To her, the story is about how silly it was to be afraid of something that wasn’t even alive. But that my was a lightbulb moment for me about exposure therapy. I think the key was, she was safe. She had absolute confidence that she didn’t have to deal with it, then or ever. My dad would deal with it, and that was okay. It was only because she was safe from exposure that she could actually choose it for herself, and then – only then – could exposure therapy do its magic and reconfigure her reactions.
I started getting better with my ARFID when I got my own place. Living alone, unattached, and frankly pretty damn antisocial and introverted I got myself into a place where it didn’t feel it mattered what I ate. I did want to be able to eat more things, but it was okay if I never did. After a while, I thought about which non-signed-off foods I was least disgusted by, and which were the most useful to be able to eat. The first few foods took a few months each to come to terms with. I’d buy something in, sometimes throw it out immediately, sometimes cook it and throw it out, sometimes nibble a bit, but I’d get it ‘signed off’ eventually.
I think parsnips and bananas were first – they just felt easiest to me. But it’s been a few foods a year for 10 years now. Last year was one of my best – I got okay with lentils, chickpeas, butter beans, blueberries, almonds and cashews. It was finally enough to let me go semi-vegetarian, which I’ve always wanted to do. Huel and Quorn helped massively with that too.
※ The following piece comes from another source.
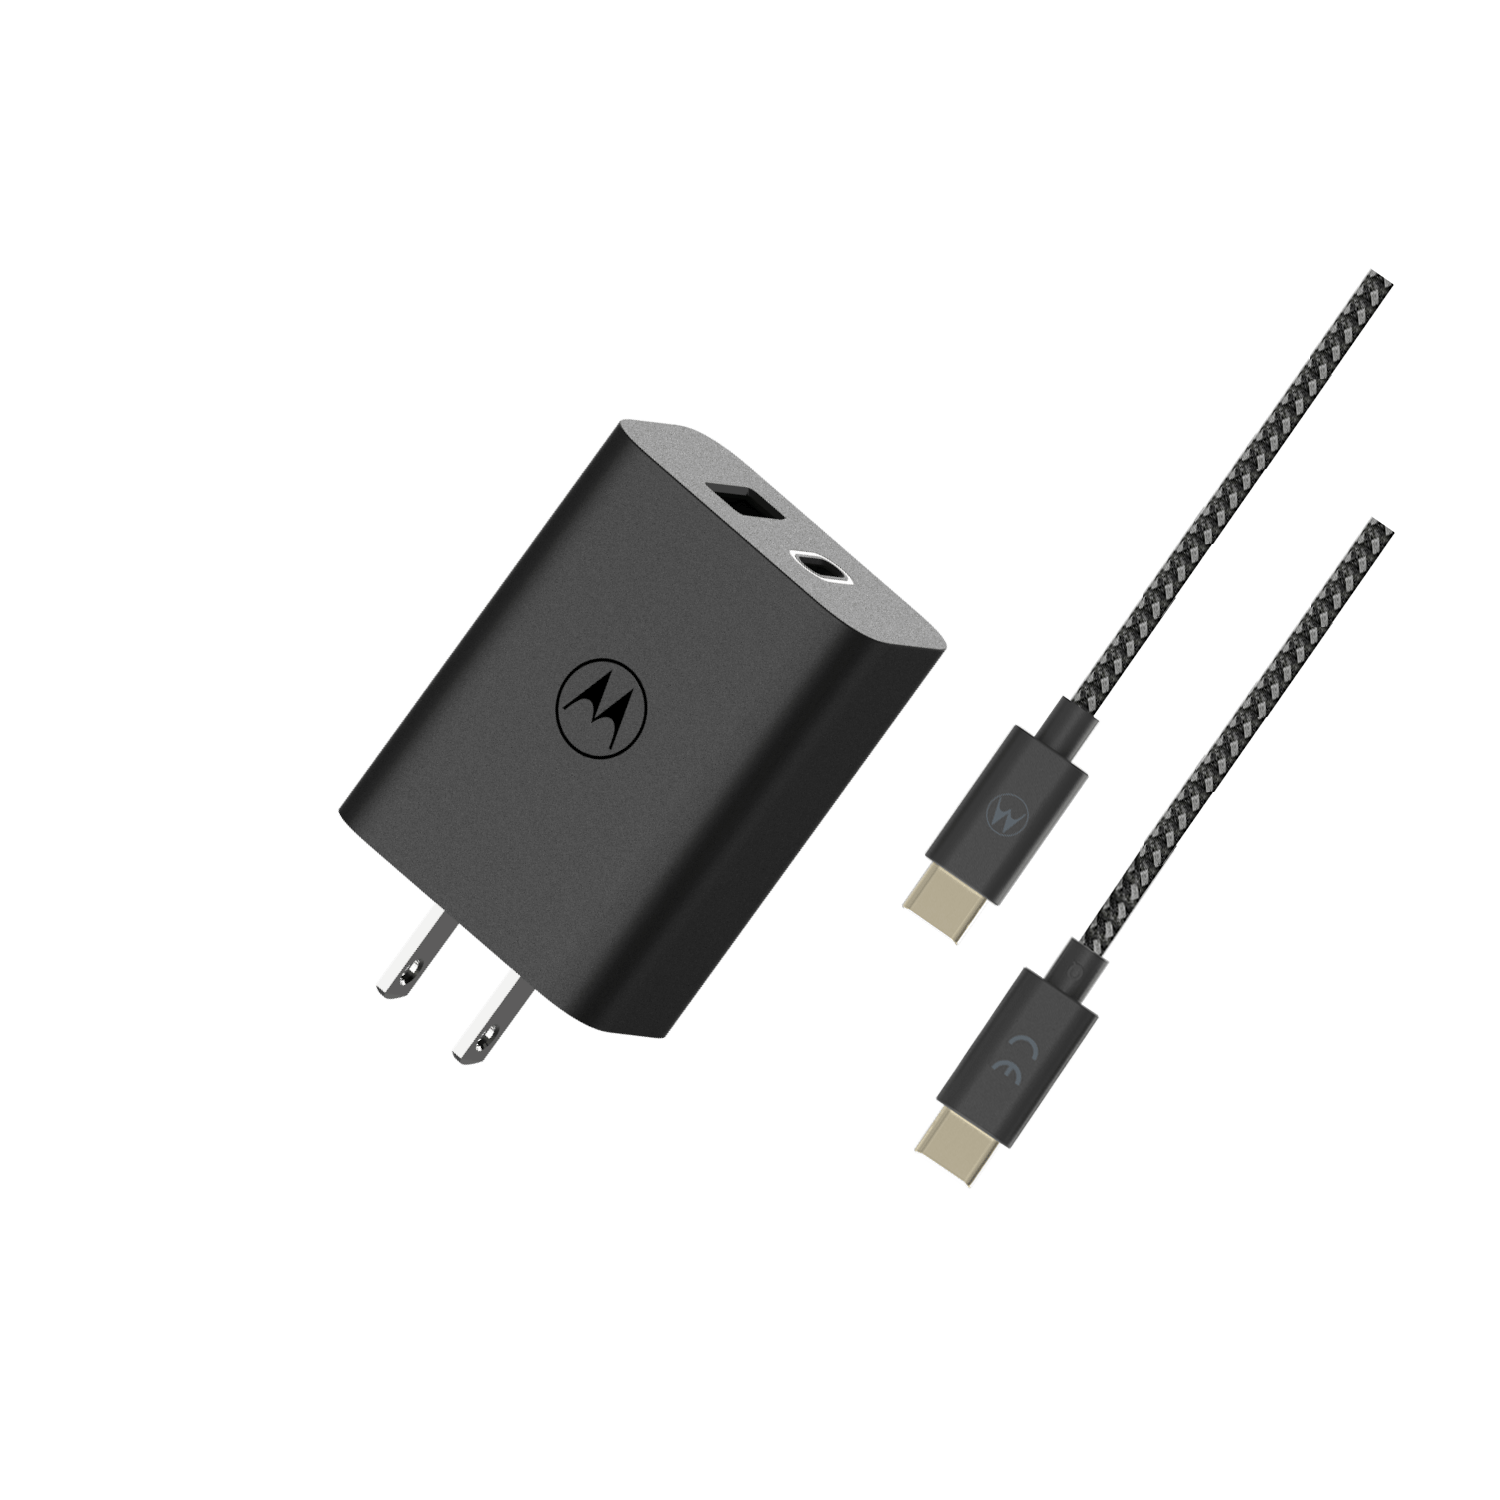 TurboPower™ Share 50W Wall Charger - Motorola

Right now I’m working on tomatoes (in solid forms) and kidney beans, and maybe mushrooms, but I don’t expect to be okay with them for a while yet. It’s still okay if I don’t get there, quickly or ever, and that’s exactly why I probably will. Not with everything, mind: some things I’m really happy with just never being okay with. (I’m talking about you, peas.)
Applying this to your situation… first, I want to congratulate you: you’re loved and you’re starting a family, and ARFID didn’t stop you getting there. Your kid will turn out fine – they probably won’t be an ARFID sufferer, and even if they are they’ll turn out at least as well as you, and probably get better support!
It’s not easy to feel ‘safe’ with our condition, because pressures to eat normally are pretty ubiquitous. But have a think about if there are changes that could make it easier for now. Seems like improving your nutritional intake will help you feel less anxious, so I… err, am going to write another post about that. Ideally, any exposure to unwelcome foods has to be your own choice, in your own time, and prepared yourself.
Then figure out the least disgusting and highest value foods to sign off, and keep one or two in mind for a few months. Hopefully you’ll start getting good days here and there when you feel you want to try a bit of exposure, and often you’ll find you can quickly become okay with that food. Then it’s the next, and the next. It does get easier: foods group up, so once I was okay with parsnips other root veg followed at a decent pace, and the same seems to be happening with legumes and nuts.
It’ll take time, but that’s okay because it’s okay if you stay exactly how you are. Either way you’re gonna’ be able to get decent nutrition (err, see later post), and be a great husband and dad.